There are many other methods that are getting used like Byte-level BPE used in GPT-2, WordPiece used in BERT etc.

loading of tokenizers:

from transformers import BertTokenizer
from transformers import AutoTokenizer # automatically loads the tokenizer based on the checkpoints
tokenizer = BertTokenizer.from_pretrained("bert-base-cased")
tokenizer = AutoTokenizer.from_pretrained("bert-base-cased")
tokenizer.save_pretrained("directory_on_my_computer")
sequence = "Using a Transformer network is simple"
tokens = tokenizer.tokenize(sequence)
decoded_string = tokenizer.decode([7993, 170, 11303, 1200, 2443, 1110, 3014])

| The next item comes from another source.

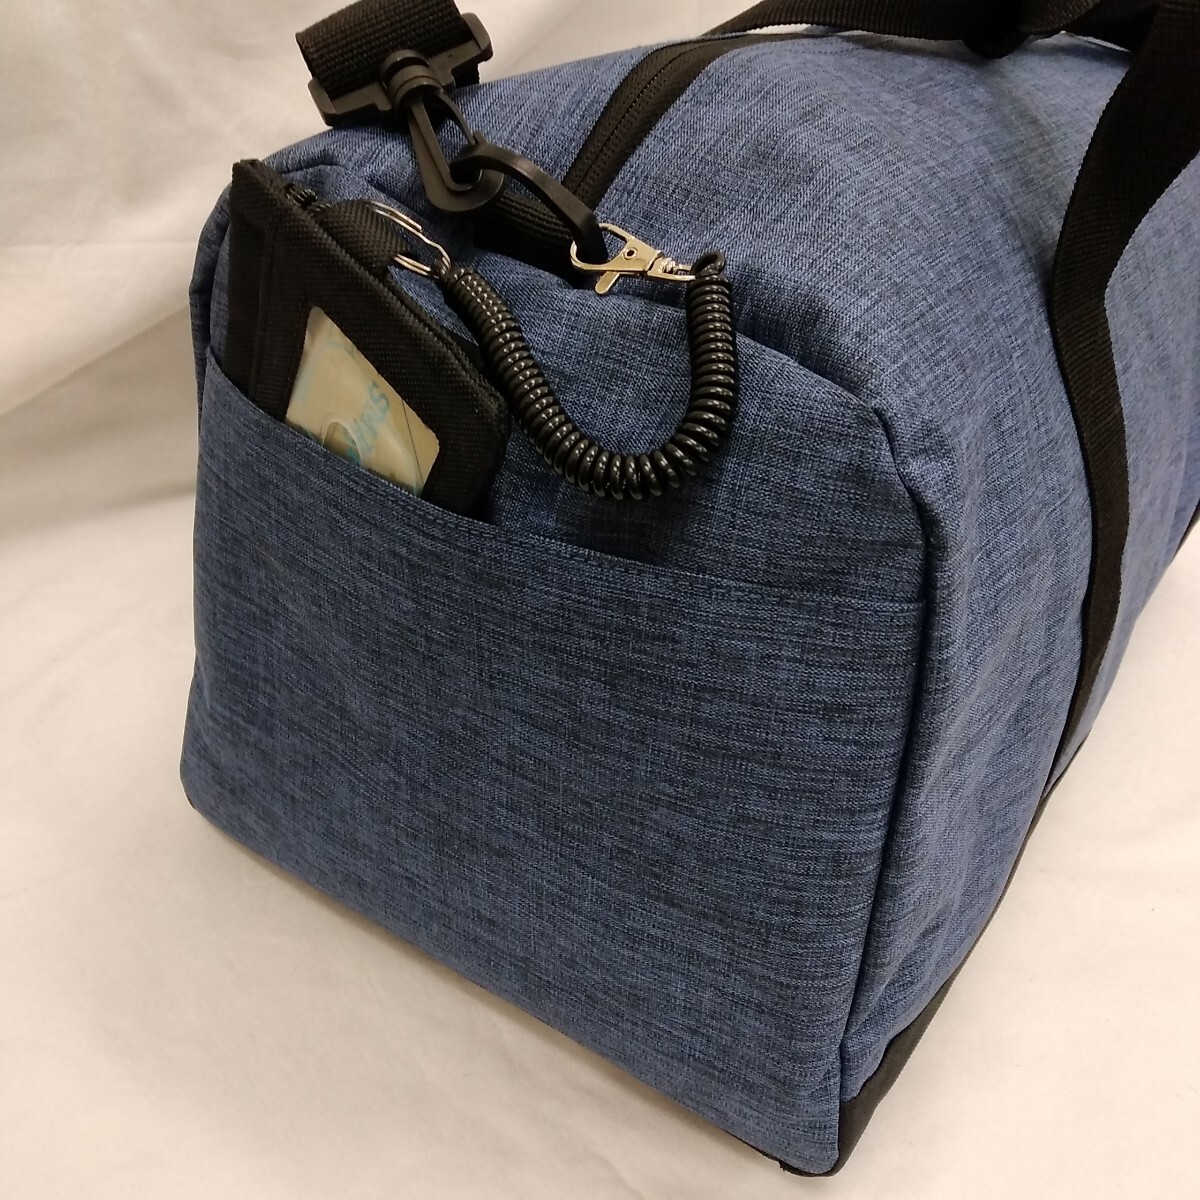  новый товар не использовался бесплатная доставка мужской женский Kids простой сумка "Boston bag" ручная сумка сумка сумка на плечо путешествие для спорт сумка

the tokenizer has a vocabulary, which is the part we download when we instantiate it with the from_pretrained() method. The tokenizer adds the special word [CLS] at the beginning and the special word [SEP] at the end. This is because the model is pretrained with those, so to get the same results for inference we need to add them as well.

Attention masks

The key feature of Transformer models is attention layers that contextualize each token. These will take into account the padding tokens since they attend to all of the tokens of a sequence. To get the same result when passing individual sentences of different lengths through the model, we need to tell those attention layers to ignore the padding tokens. Attention masks are tensors with the exact same shape as the input IDs tensor, filled with 0s and 1s: 1s indicate the corresponding tokens should be attended to, and 0s indicate the corresponding tokens should not be attended to.

Fine tuning a pretrained model

Preprocessing the dataset:

When passing a pair of sentences for next sentence prediction, we need to handle the two sequences as a pair, and apply the appropriate preprocessing. the tokenizer can also take a pair of sequences and prepare it the way BERT model expects.

inputs = tokenizer("This is the first sentence.", "This is the second one.")
# results - 
{ 
  'input_ids': [101, 2023, 2003, 1996, 2034, 6251, 1012, 102, 2023, 2003, 1996, 2117, 2028, 1012, 102],
  'token_type_ids': [0, 0, 0, 0, 0, 0, 0, 0, 1, 1, 1, 1, 1, 1, 1],
  'attention_mask': [1, 1, 1, 1, 1, 1, 1, 1, 1, 1, 1, 1, 1, 1, 1]
}
tokenizer.convert_ids_to_tokens(inputs["input_ids"])
#results - 
['[CLS]', 'this', 'is', 'the', 'first', 'sentence', '.', '[SEP]', 'this', 'is', 'the', 'second', 'one', '.', '[SEP]']

the model expects the inputs to be of the form [CLS] sentence1 [SEP] sentence2 [SEP] when there are two sentences. The token_type_ids tells us, which token belongs to which sentence. Not all the checkpoints will have the token_type_ids as its not pretrained like that. The BERT was also trained for next sentence prediction so it returns the toekn_type_ids. With next sentence prediction, the model is provided pairs of sentences (with randomly masked tokens) and asked to predict whether the second sentence follows the first.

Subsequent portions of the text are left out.